◆ TASK PROMPT:
Would you reproduce each line below exactly, leaving every picture out?

[INFORMATION SUPPLIED — start]

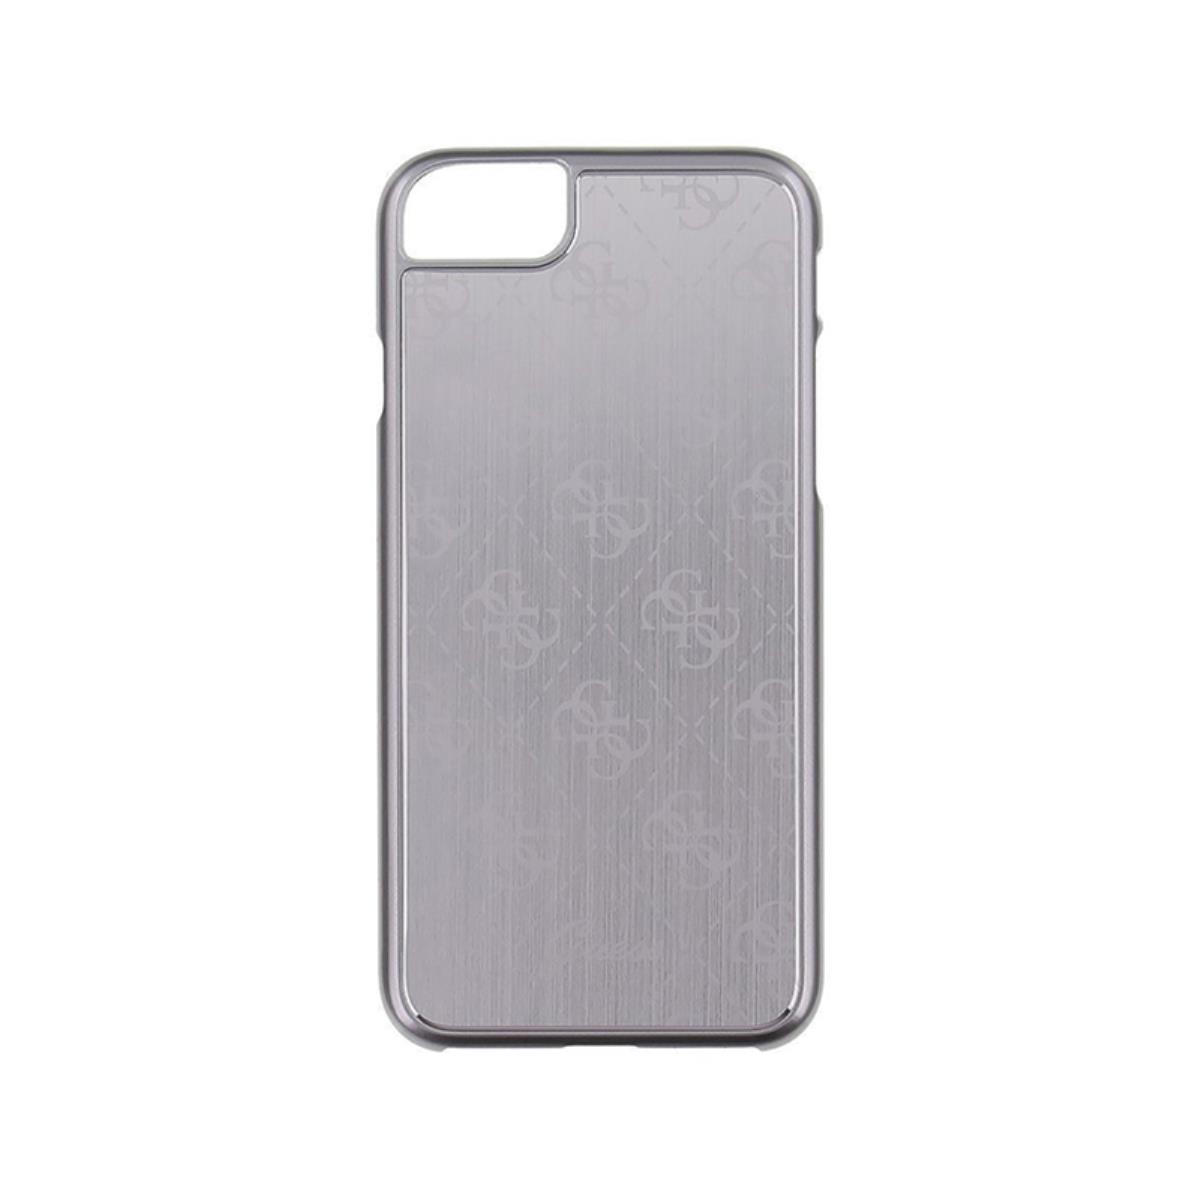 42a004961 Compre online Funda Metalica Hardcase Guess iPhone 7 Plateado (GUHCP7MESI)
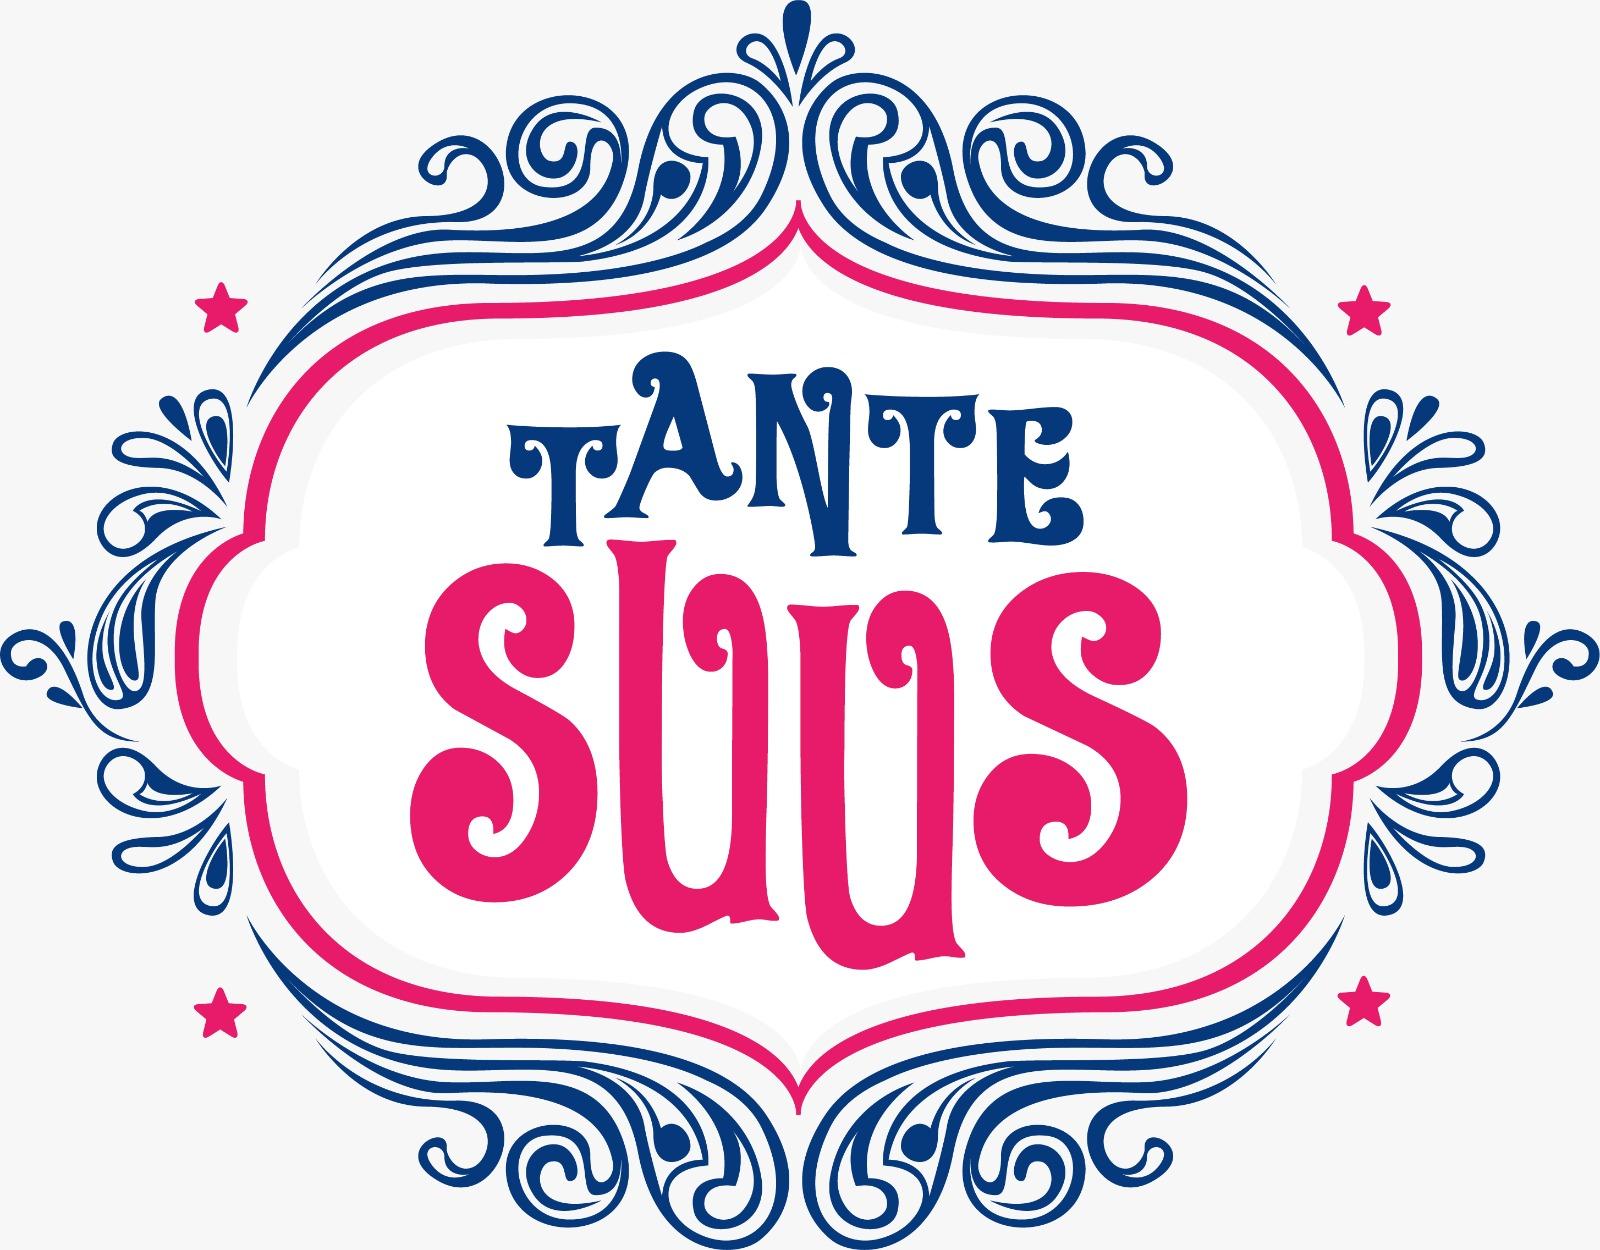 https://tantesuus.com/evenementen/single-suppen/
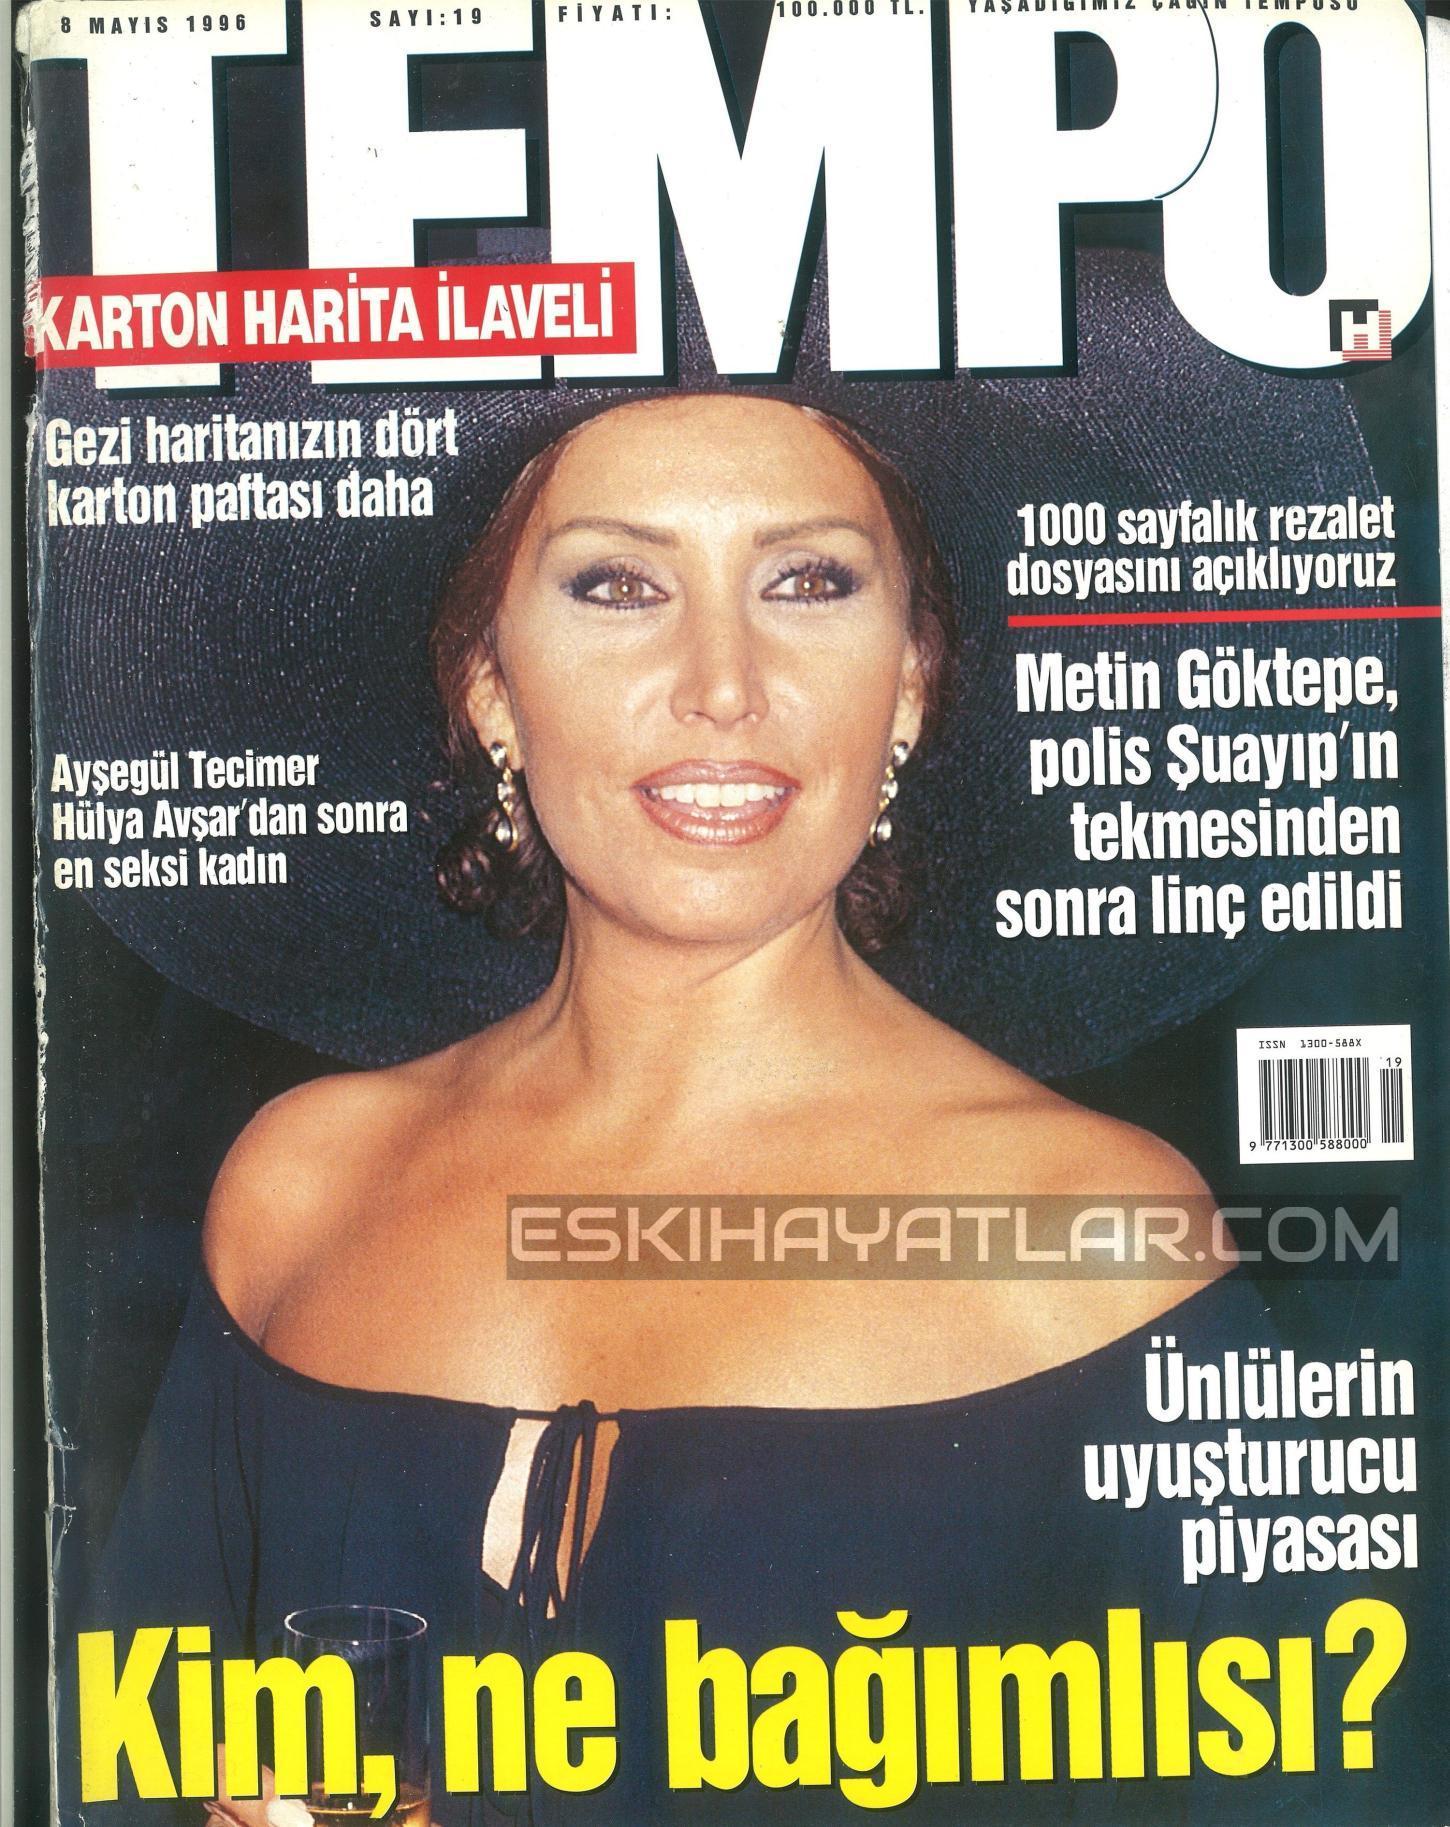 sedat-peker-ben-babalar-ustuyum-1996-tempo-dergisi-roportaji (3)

[INFORMATION SUPPLIED — finish]

◆ REPLY:
 42a004961 Compre online Funda Metalica Hardcase Guess iPhone 7 Plateado (GUHCP7MESI)
 https://tantesuus.com/evenementen/single-suppen/
 sedat-peker-ben-babalar-ustuyum-1996-tempo-dergisi-roportaji (3)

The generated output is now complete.